I'm so lucky to already have a 2 and a half yr old following a miscarriage in our first pregnancy. But I look at her and can't help feel more sadness. People tell me to take comfort in her - that I'm lucky to have her. And I just can't. It doesn't feel lucky to be going through this. It feels like the worst f-ing luck of all. I'm getting irritable, losing my patience, making inappropriate jokes - I do not know how to cope with this. I don't know how I'll be able to look anyone in the face after this.

Anyway. There it is. The ugly truth.

OP posts:
Sunshineandlove · 17/04/2026 08:51

CasperFlamingo I am so sorry that you had to go through this traumatising experience. I hope that now 2 years down the line you are not hurting as much and that you look back at those days and you see things from a different perspective in which you are more kind to yourself. You are strong, powerful, capable and special.

Unfortunately, I am currently in the same place you were back then. I will be having my TFMR tomorrow at 13 weeks. I have two beautiful and healthy children, D4.5 and S1.5 and I am finding my little bit of strength in them. I have two previous Csections due to failure to progress after being induced and I have been offered/advised to go for a medical termination which scares me to death. I worry about having complications and ending up with a surgical termination with more risks added.

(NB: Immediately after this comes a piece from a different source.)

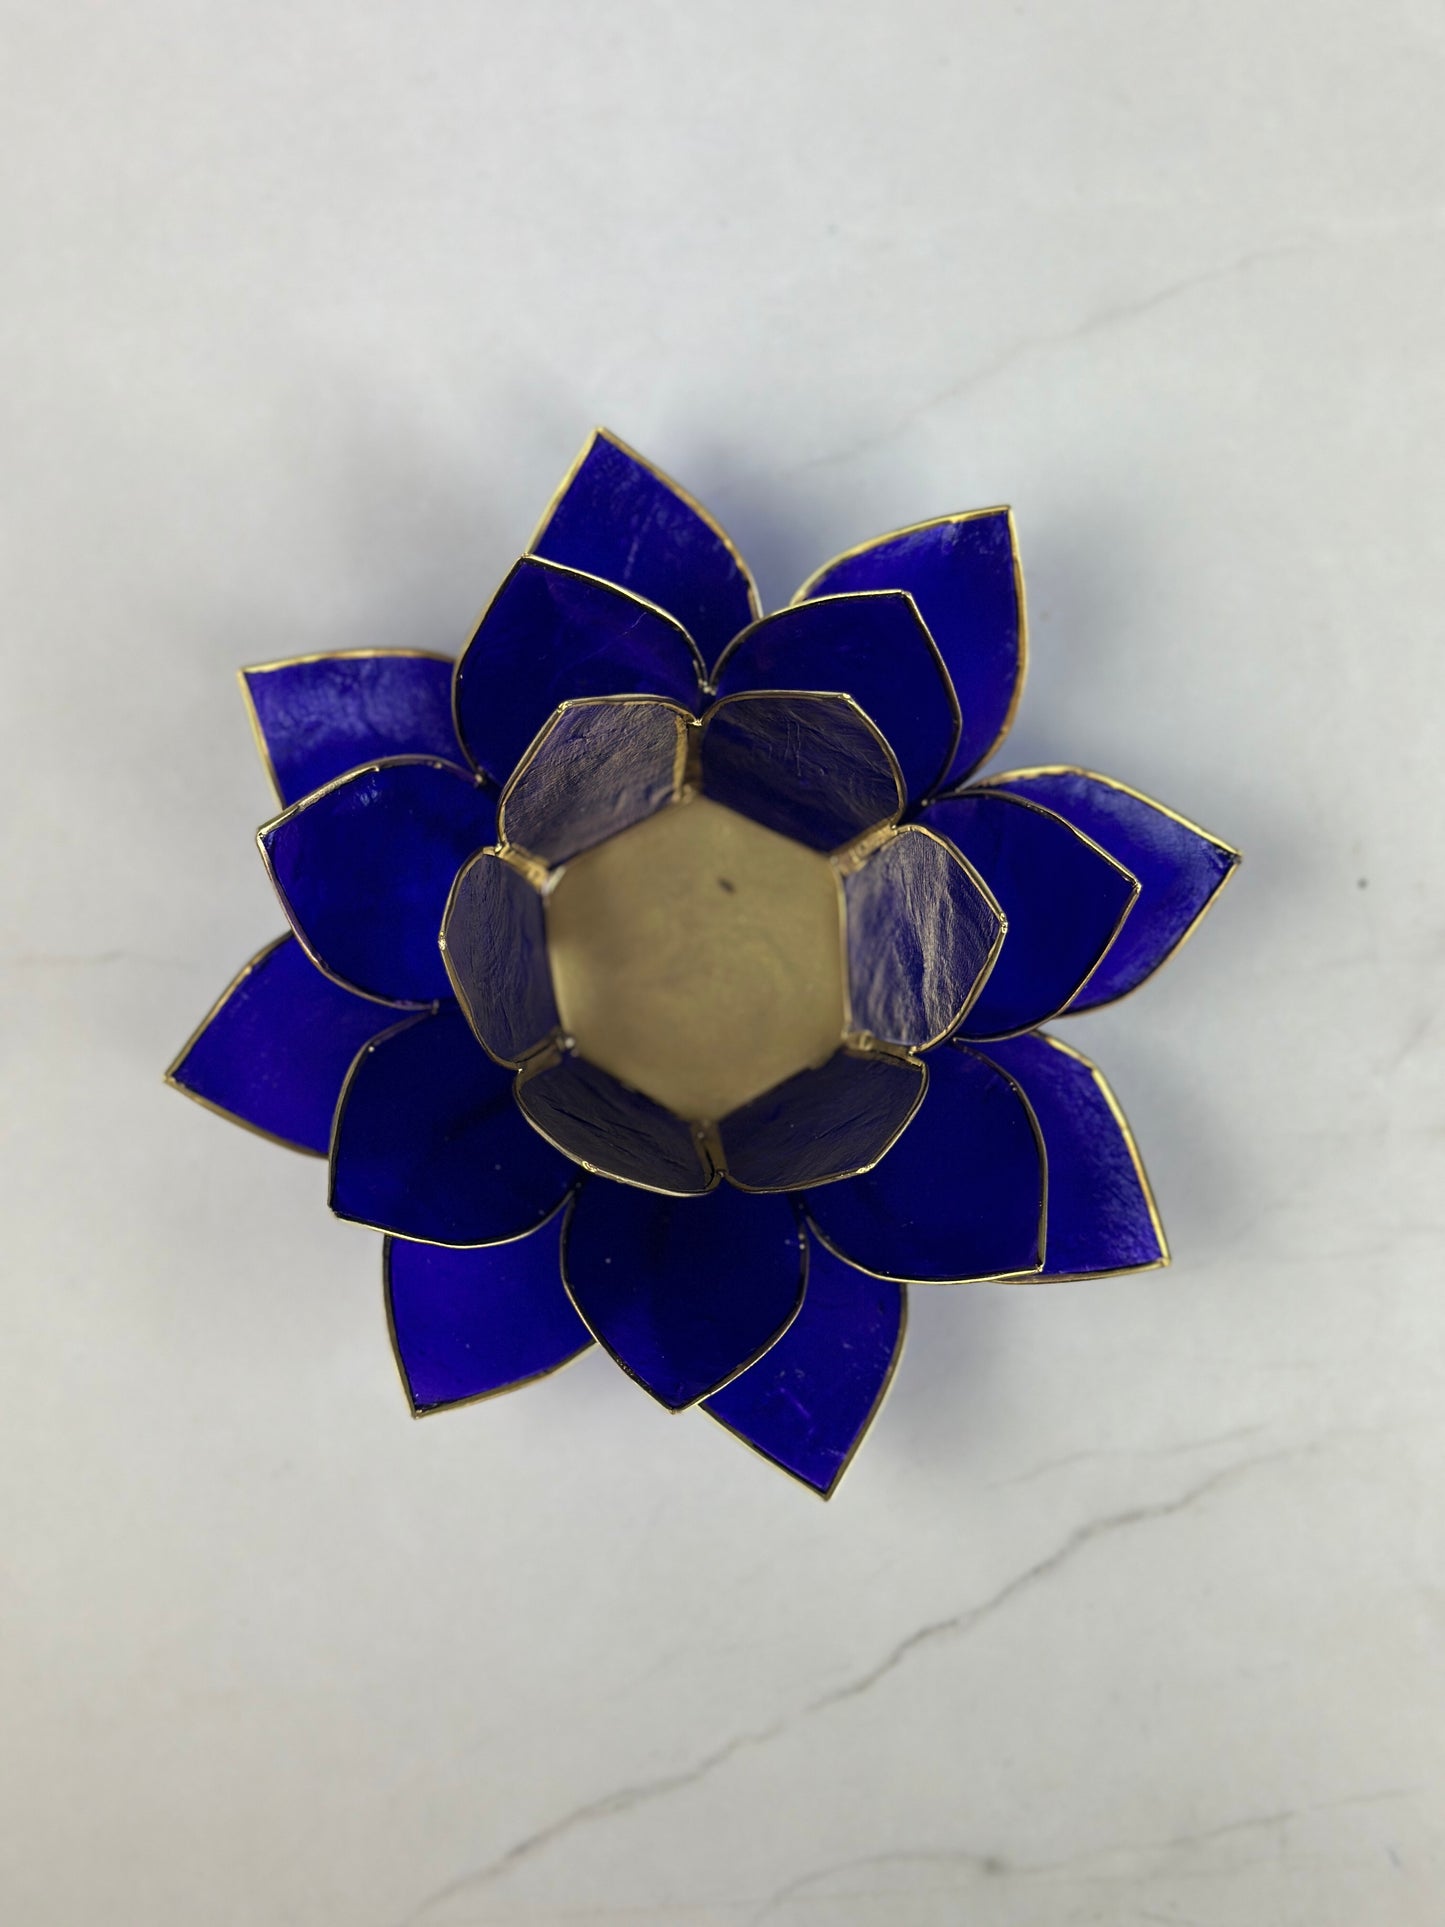 Ajna Chakra Lotus - Indigo (blau) und Gold

Reading your experience has brought me some peace of mind, thank you so much for sharing it. I will make sure to share mine when I am ready in case it can help someone else in the same situation in the future.

CasperFlamingo · 20/04/2026 15:47

Hi Sunshineandlove.

Firstly, thank you so much for your kind words. I definitely look back at that time with grief and sadness, but also with the power and conviction of knowing we did absolutely the right thing for us and for our baby. It was the hardest thing I had to do mentally and physically, but it was the right choice, and I have passed the second anniversary of that awful time at peace with what happened.

I know this response is late, and it's possible that you have gone through your procedure right now and are on the other side of it - if so, well done. You have taken the toughest decision ever and made it, full in the knowledge that this will stay with you forever. But as you said to me, be kind to yourself. You have done a truly heartbreaking thing and you used your strength and the power within you to make that choice. I hope you are taking care of yourself and that someone is also taking good care of you. If you ever need to talk about any of it, let me know.

TFMR is not discussed enough or known about enough. We're a bigger community that we think. Let's look after one another.

All the love and best wishes in the world to you and your beautiful family.